Numerous studies have reported that tumor-bearing mice as well as cancer patients show elevated numbers of Tregs within peripheral blood, lymphoid tissues, and the tumor itself, which was often associated with poor prognosis (9, 10). Accordingly, the main obstacle tempering successful immunotherapies and active vaccination might be the migration of Treg into tumors and their suppression of effective antitumor immune responses in the tumor microenvironment (2, 9, 11, 12). Various groups have already investigated whether Treg removal using the depleting anti-CD25 antibody PC61 in mice might improve antitumor immunity, and it was shown that depletion of Tregs before the inoculation of tumor cells led to their efficient rejection (13–18). In contrast, Treg depletion simultaneously with or after tumor inoculation resulted in no tumor regression (13, 19, 20), likely because the administered depleting antibodies also removed CD25-expressing effector T cells and CD25⁻Foxp3⁺ Tregs persisted.
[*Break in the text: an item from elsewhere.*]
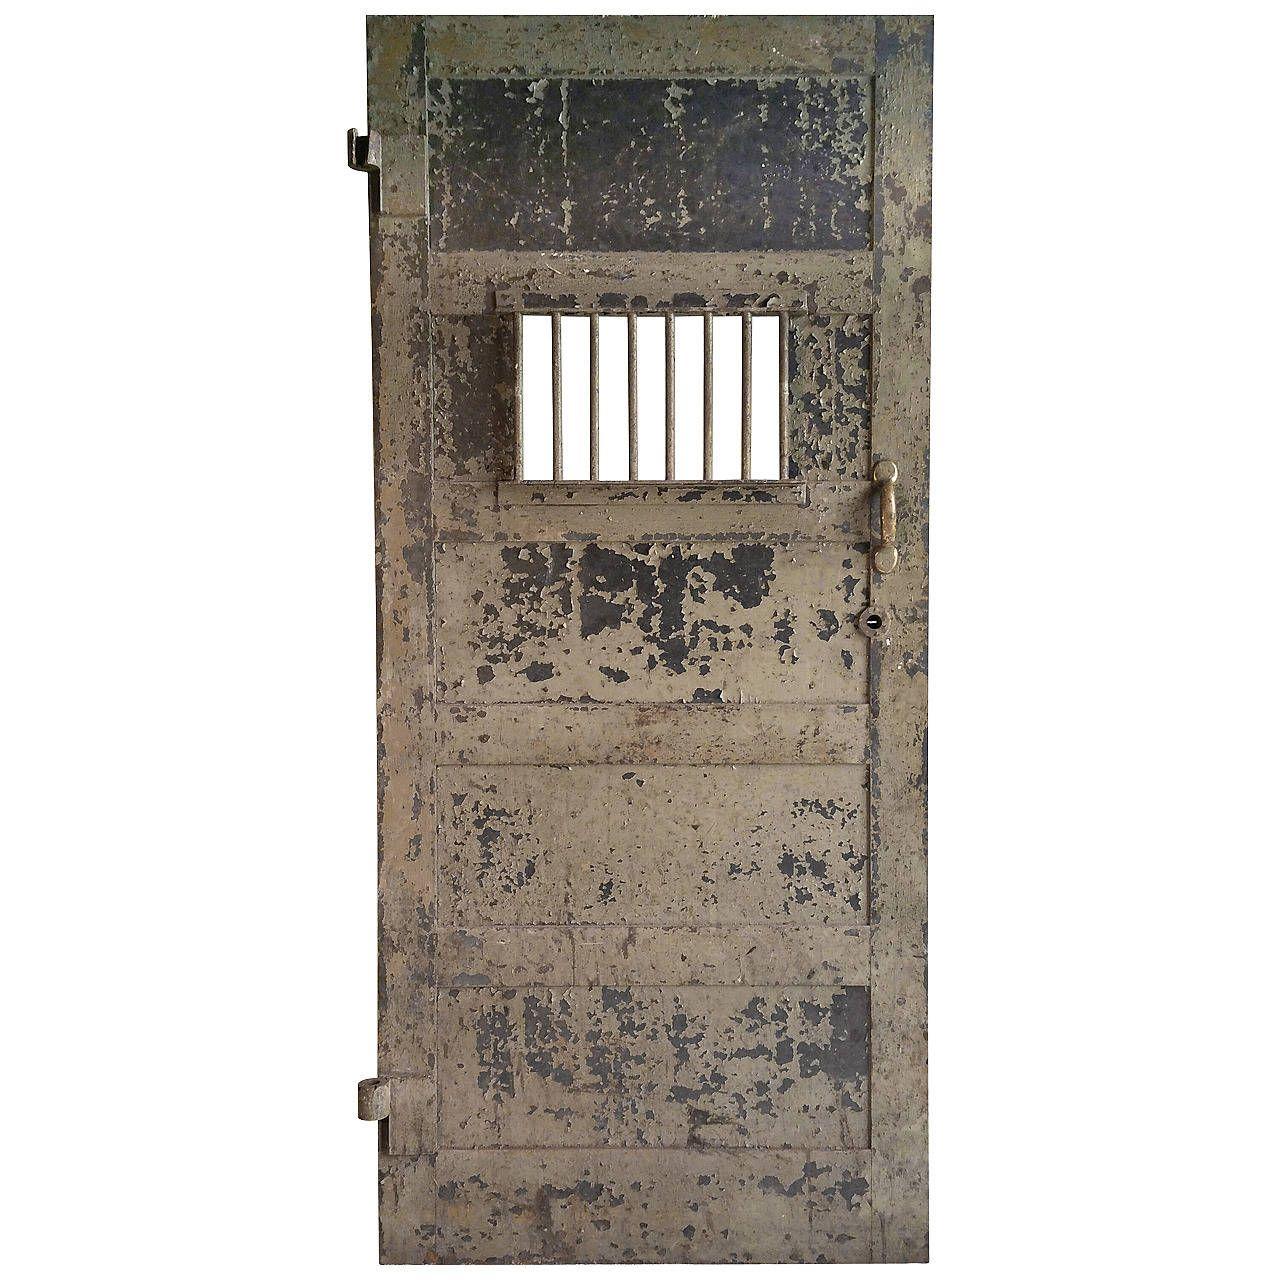 1920s Heavy Steel Prison Door

Thus, despite the great potential for Treg depletion in cancer therapies, the efficacy has been largely limited to prophylactic settings where depletion of Tregs occurs prior to the establishment of tumors.

Despite these limitations, clinical trials using denileukin diftitox (Ontak), a CD25-directed diphtheria toxin to eliminate Tregs, have already been initiated in patients suffering from renal cell carcinoma or melanoma (21–23). Although first results from these studies were promising, the genuine potential of Treg removal as a therapeutic strategy to treat cancer patients probably was masked by the unwanted effects of these depleting agents on tumor-reactive effector T cells (24).
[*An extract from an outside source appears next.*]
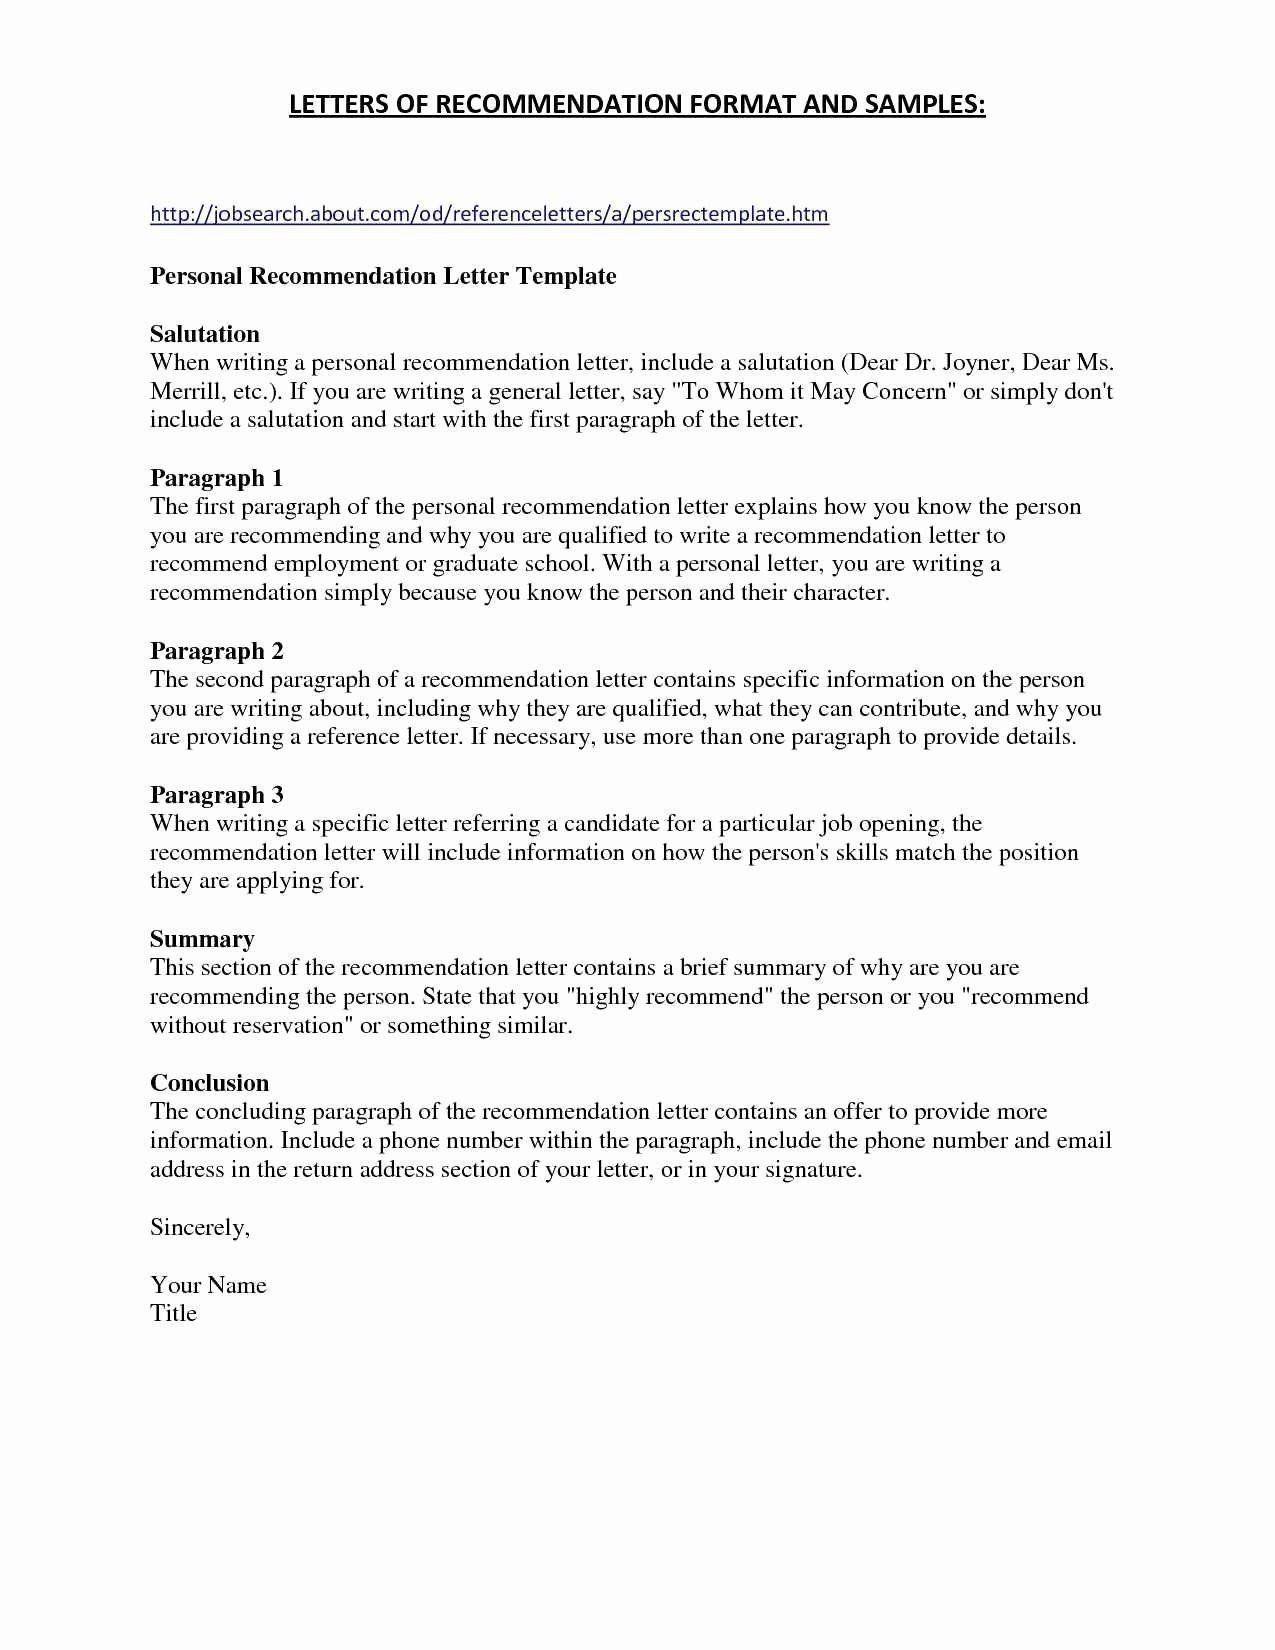 Bank teller resume sample resume template bank teller

To show the true therapeutic potential of Foxp3⁺ Treg depletion in established tumors, we used the recently generated transgenic DEREG mice (depletion of regulatory T cells), which express a fusion protein of the receptor for diphtheria toxin (DT) and enhanced green fluorescent protein under the control of the Foxp3 locus (25). These mice allow selective depletion of total Foxp3⁺ Tregs without affecting CD25⁺ effector T cells. Using DEREG mice and ovalbumin (OVA)-expressing B16 melanoma as a tumor model, we showed that selective removal of Foxp3⁺ Tregs induced partial regression of established melanoma, further enhanced by additional vaccination against OVA. When DEREG mice were crossed to mice expressing OVA as neo–self-antigen under control of the rat insulin promoter (DEREG × RipOVA^low mice), combined Treg depletion and vaccination resulted in efficient regression of tumor growth but only weak T-cell infiltration and partial destruction of pancreatic islets. Thus, our present data suggest that selective depletion of Foxp3⁺ Tregs constitutes a highly effective strategy to improve the outcome of vaccinations against tumor-associated antigens.

RipOVA^low mice (26) and DEREG mice (25) were bred at the Helmholtz Center for Infection Research (Braunschweig, Germany) or the Peter MacCallum Cancer Center (Melbourne, Australia). Animal experiments were performed in accordance with institutional, state, and federal guidelines.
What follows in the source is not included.